RECORDED DATA:
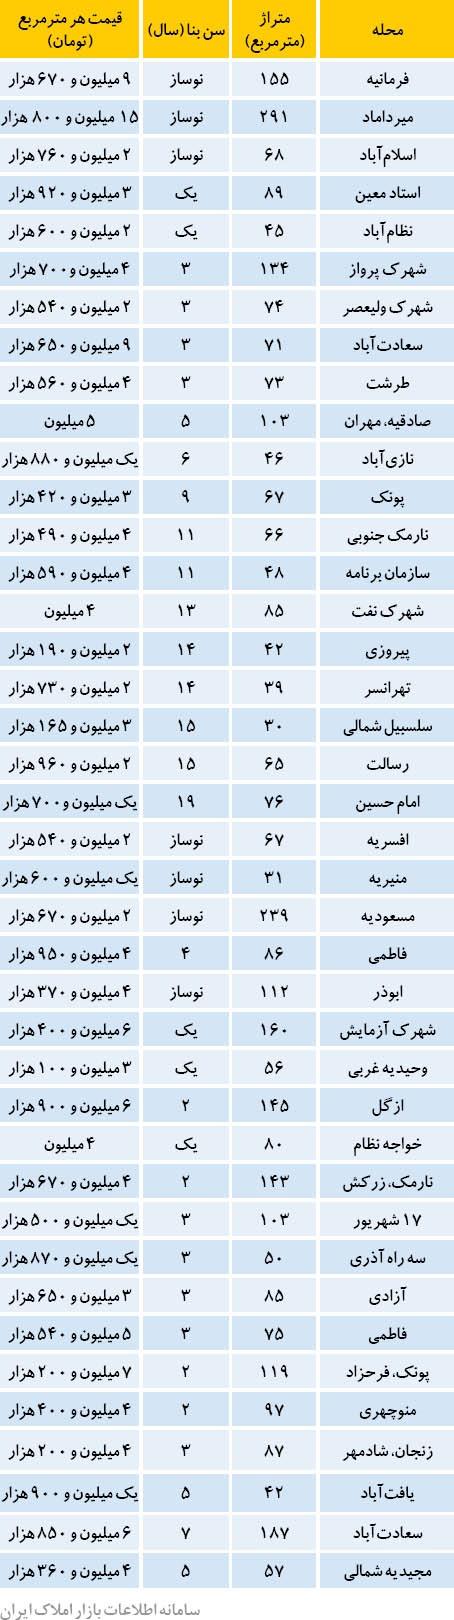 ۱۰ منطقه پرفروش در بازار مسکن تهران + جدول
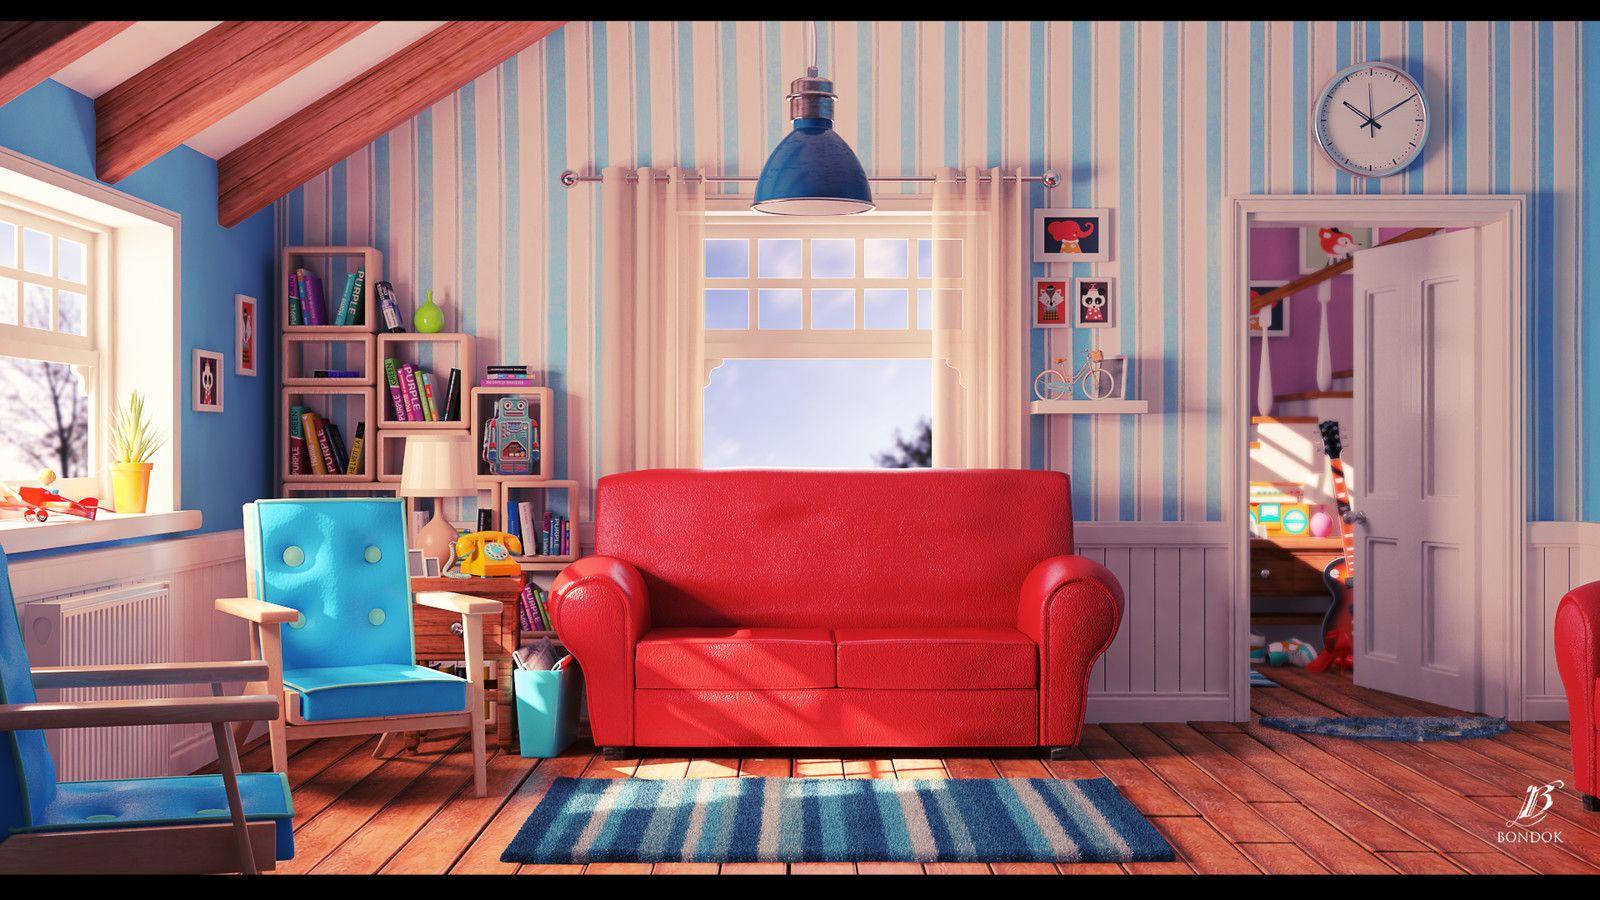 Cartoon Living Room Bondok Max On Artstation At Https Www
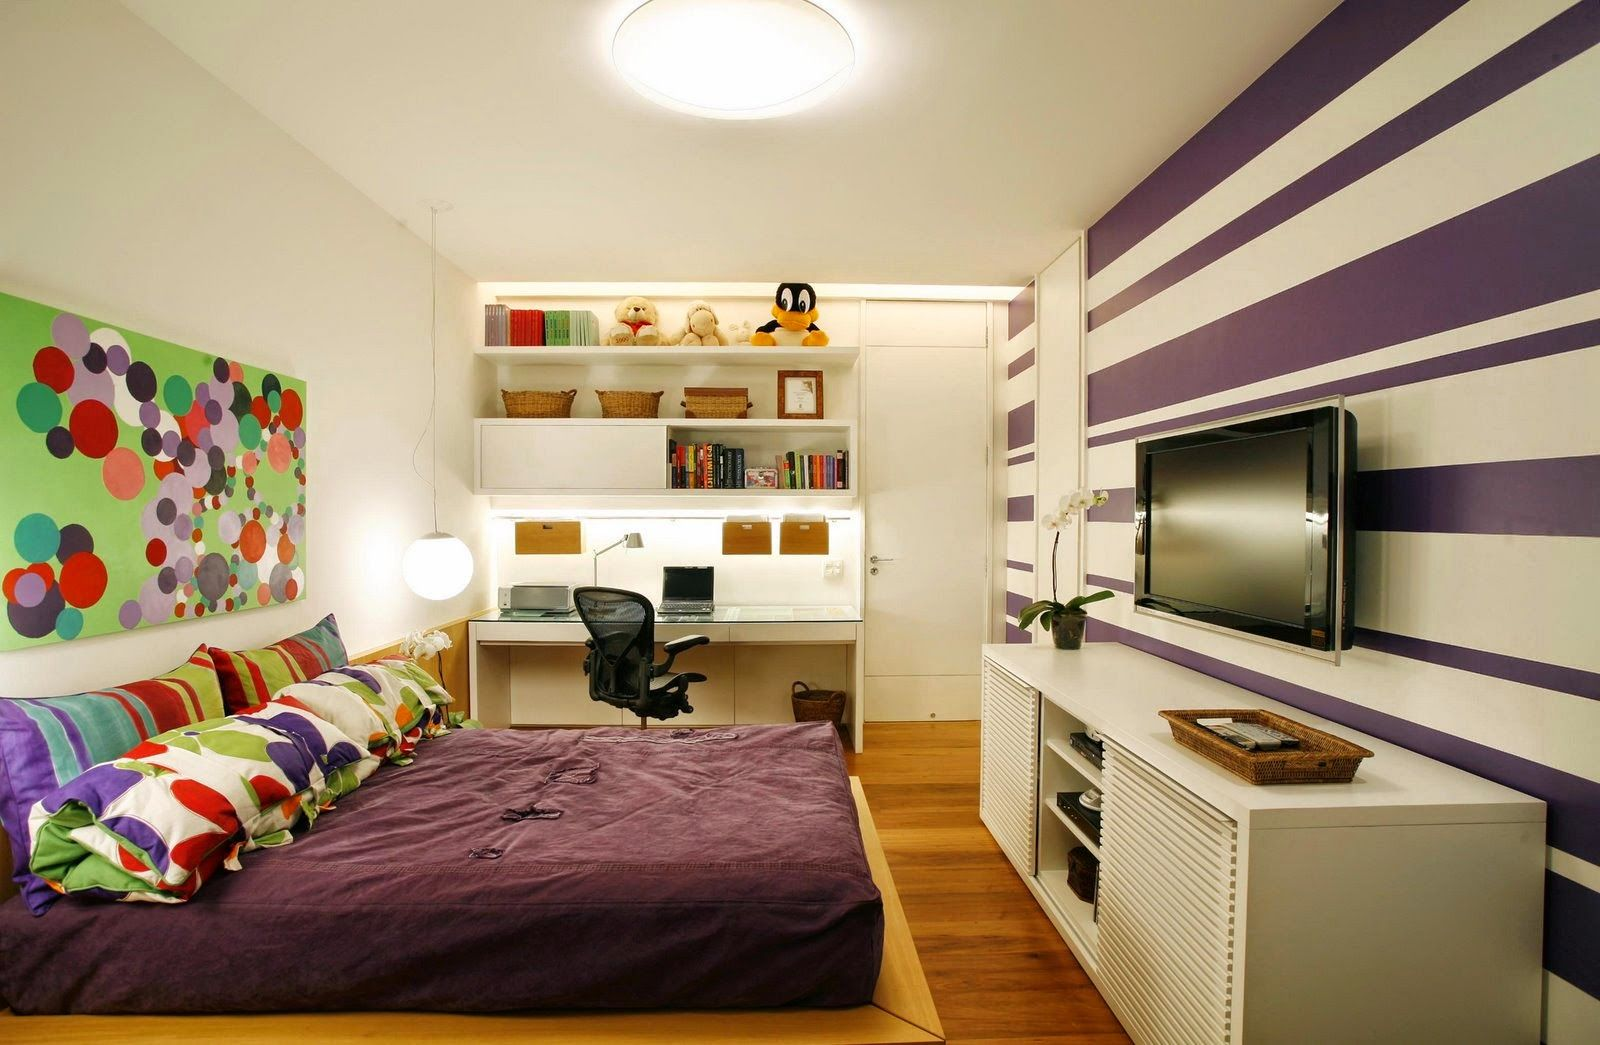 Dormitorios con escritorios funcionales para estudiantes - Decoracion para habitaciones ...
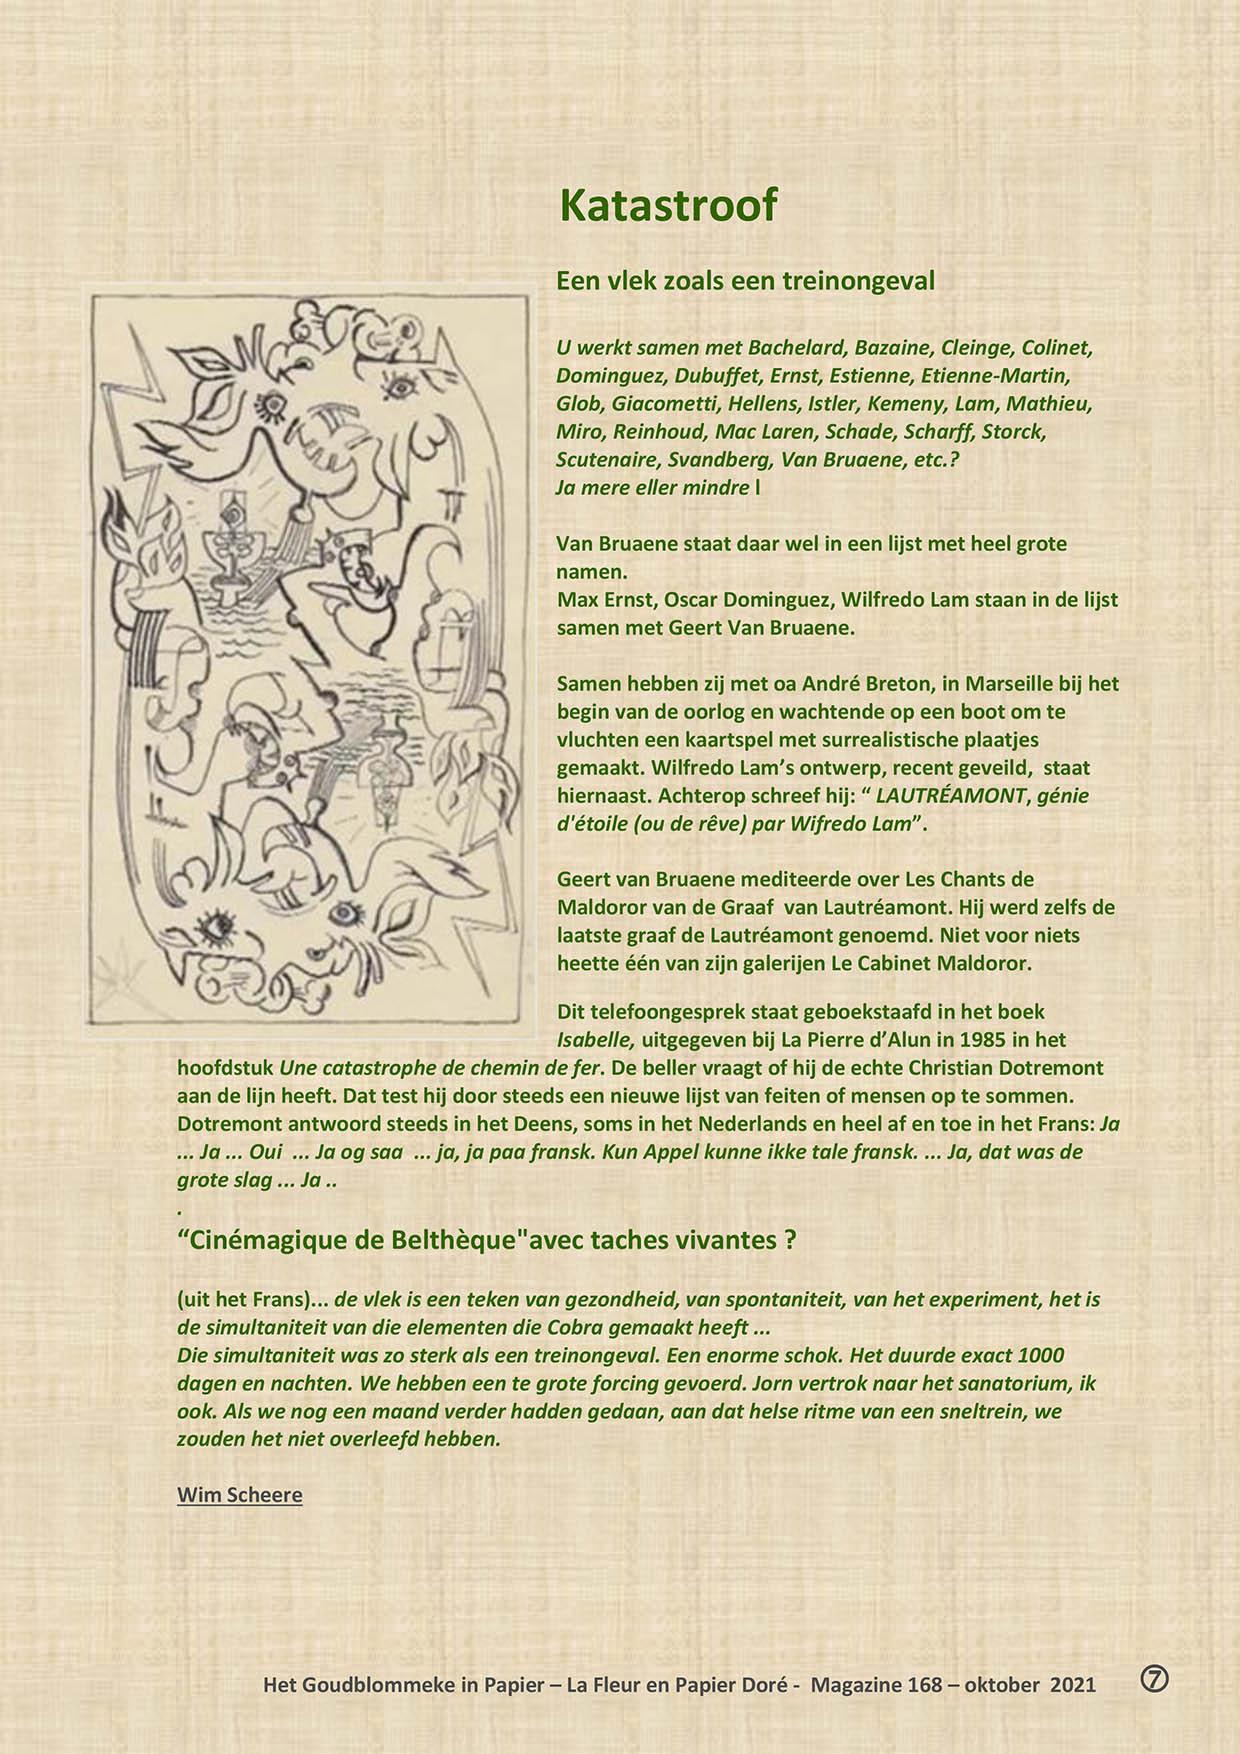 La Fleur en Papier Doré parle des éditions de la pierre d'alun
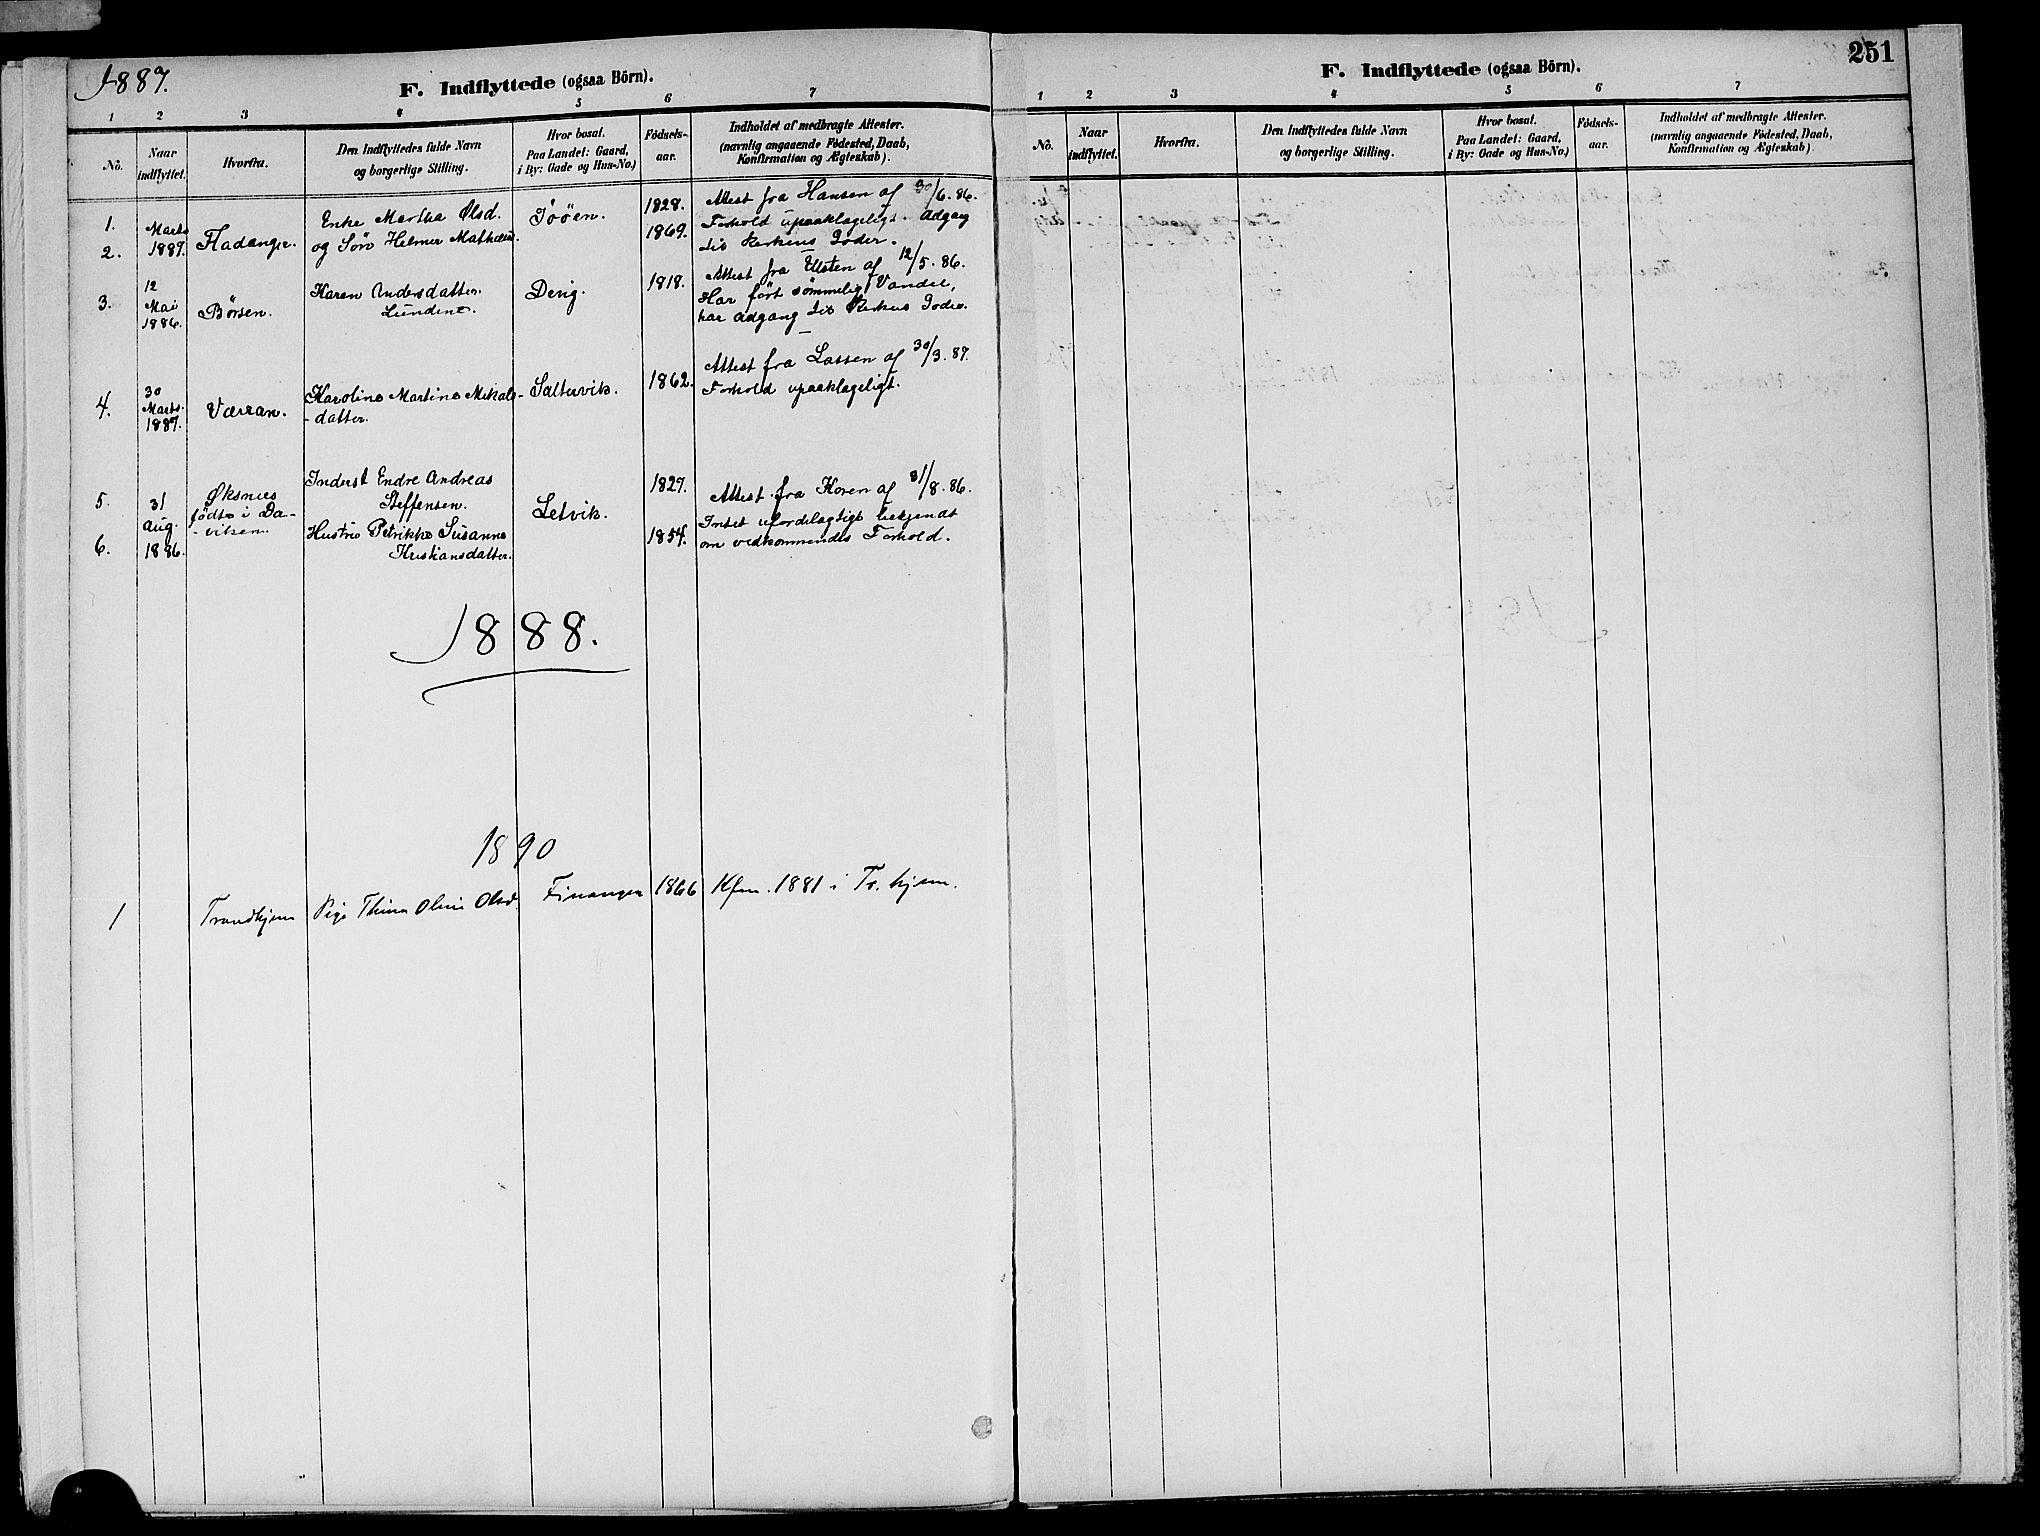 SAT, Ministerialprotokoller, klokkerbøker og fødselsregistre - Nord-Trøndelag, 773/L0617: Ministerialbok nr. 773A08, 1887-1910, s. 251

TASK INSTRUCTIONS:
Please give a word-for-word transcript of the lines from the one holding "Cartoon Living Room" through the final line of the entries, both ends kept, with no pictures.

YOUR SOLUTION:
 Cartoon Living Room Bondok Max On Artstation At Https Www
 Dormitorios con escritorios funcionales para estudiantes - Decoracion para habitaciones ...
 La Fleur en Papier Doré parle des éditions de la pierre d'alun
 SAT, Ministerialprotokoller, klokkerbøker og fødselsregistre - Nord-Trøndelag, 773/L0617: Ministerialbok nr. 773A08, 1887-1910, s. 251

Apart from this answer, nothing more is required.